Ashley Colville, in Teeside Crown Court, (Mail today, sorry no link) has 17 paedophilia convictions. His lawyer explained he had reached top of the list for chemical castration, but everything stopped for Covid (why?)
And, that there was a random lottery of prisons why do, and don't use the treatment (why?)
The article explained that in comparable countries, castration can be made available by either surgery or chemicals, with the latter being less satisfactory because it reverses, as soon as treatment ends. But UK only offers chemical, and only for a few prisoners in a few prisons (why?)
Yars ago I researched this and recall that in those countries where surgical castration is made available, offenders are often desperate to have it, not only because they don't want to spend their lives constantly in and out of prison, but in some cases because, despite their urges, they are revolted by their own actions.
Castration by either method may not completely remove urges,in all cases, but it helps, at least, and at times works entirely.
I also researched the close relationship between violence in prison and unusually high testosterone (in both men and, more rarely, women) Prisoners don't actively choose to be out-of-control violent, again not only because they don't want repeated sanctions and extended sentences, but because they don't like what they realise has happened. They are not offered hormone re-balancing (why?)
Hormone balancing and surgical castration on request would appear to be a reasonable option, which even the leg-crossing men in parliament could surely not mind, since it would not be part of a sentence, only an option for an acceptable future life.
There again, in some countries chemical castration is part of a sentence, in others it may be offered as an option before choosing the sentence, and there appears not to be any particular reason (other than male MPs shuddering hysterically at the very word) why it could not be incorporated into UK law on both sentencing and parole.

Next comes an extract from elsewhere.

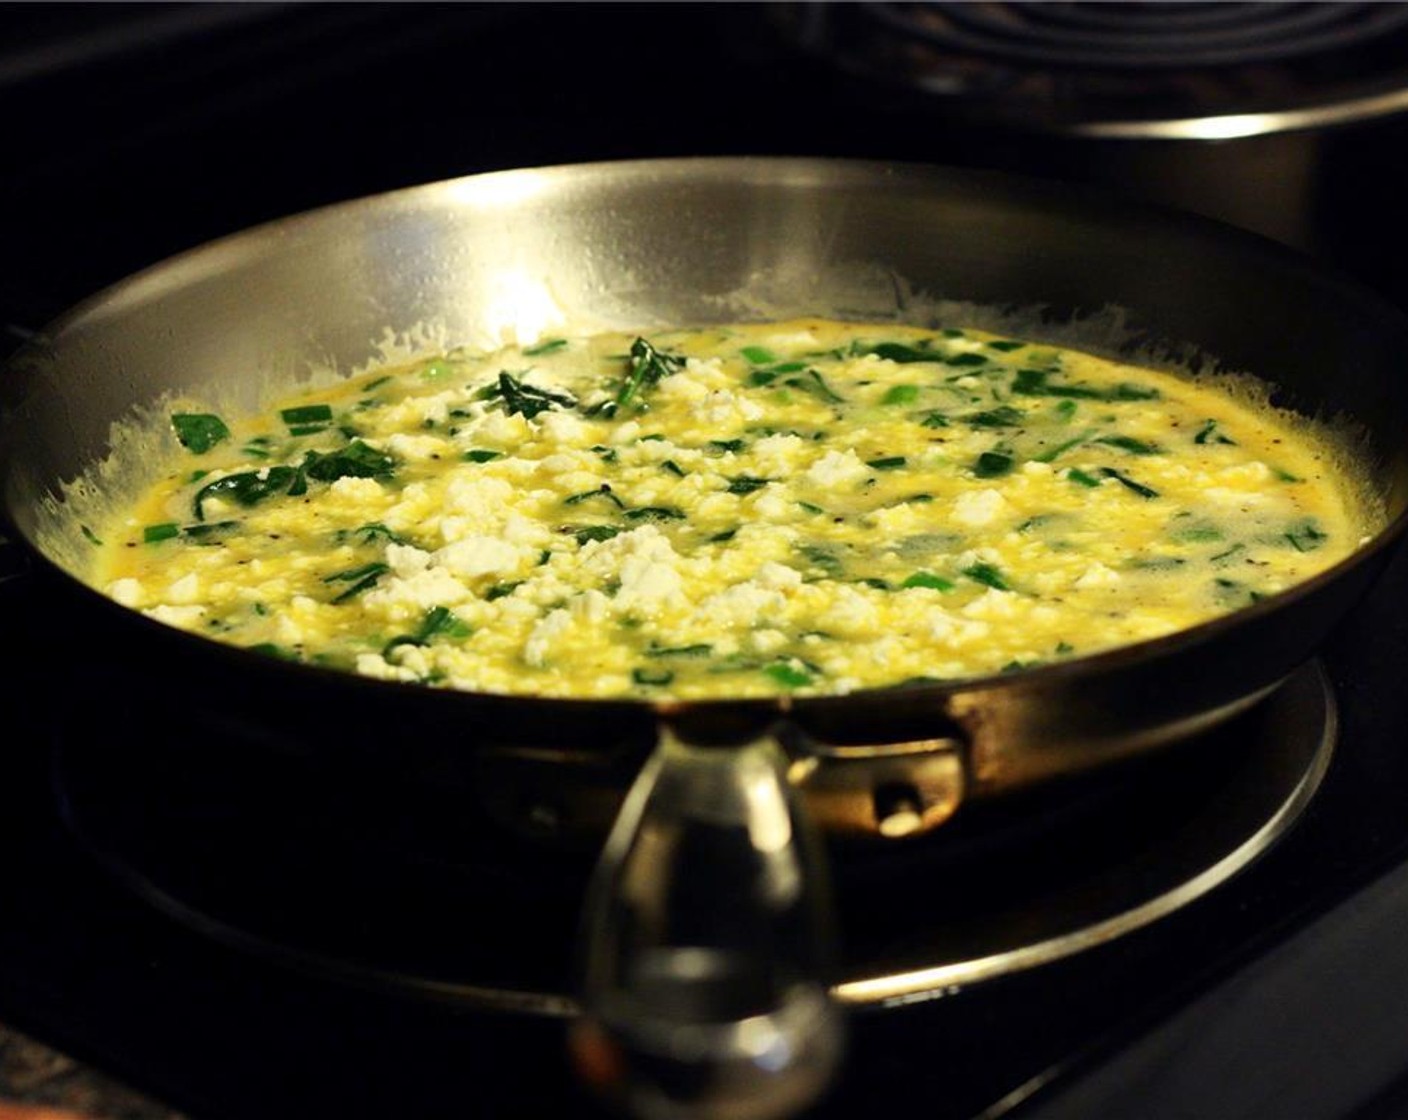 step 6 Pour in egg mixture and quickly stir so the spinach and scallions are evenly distributed. From this point on, do not stir the mixture. Sprinkle the Feta Cheese evenly over the top of the eggs.

Somewhere, a famous man described reaching extreme age and (presumably) a vanished libido, as being "at last, unshackled from the madman" The prisoners interviewed expressed much the same sentiments. Better have a peaceful, free life with no appetite at all, than have an intact appetite which constantly puts you in prison.
But the absence of interest would need to be periodically monitored, presumably by technology (viewing previously arousing images or descriptions, while wired up to an electode covered skull cap?)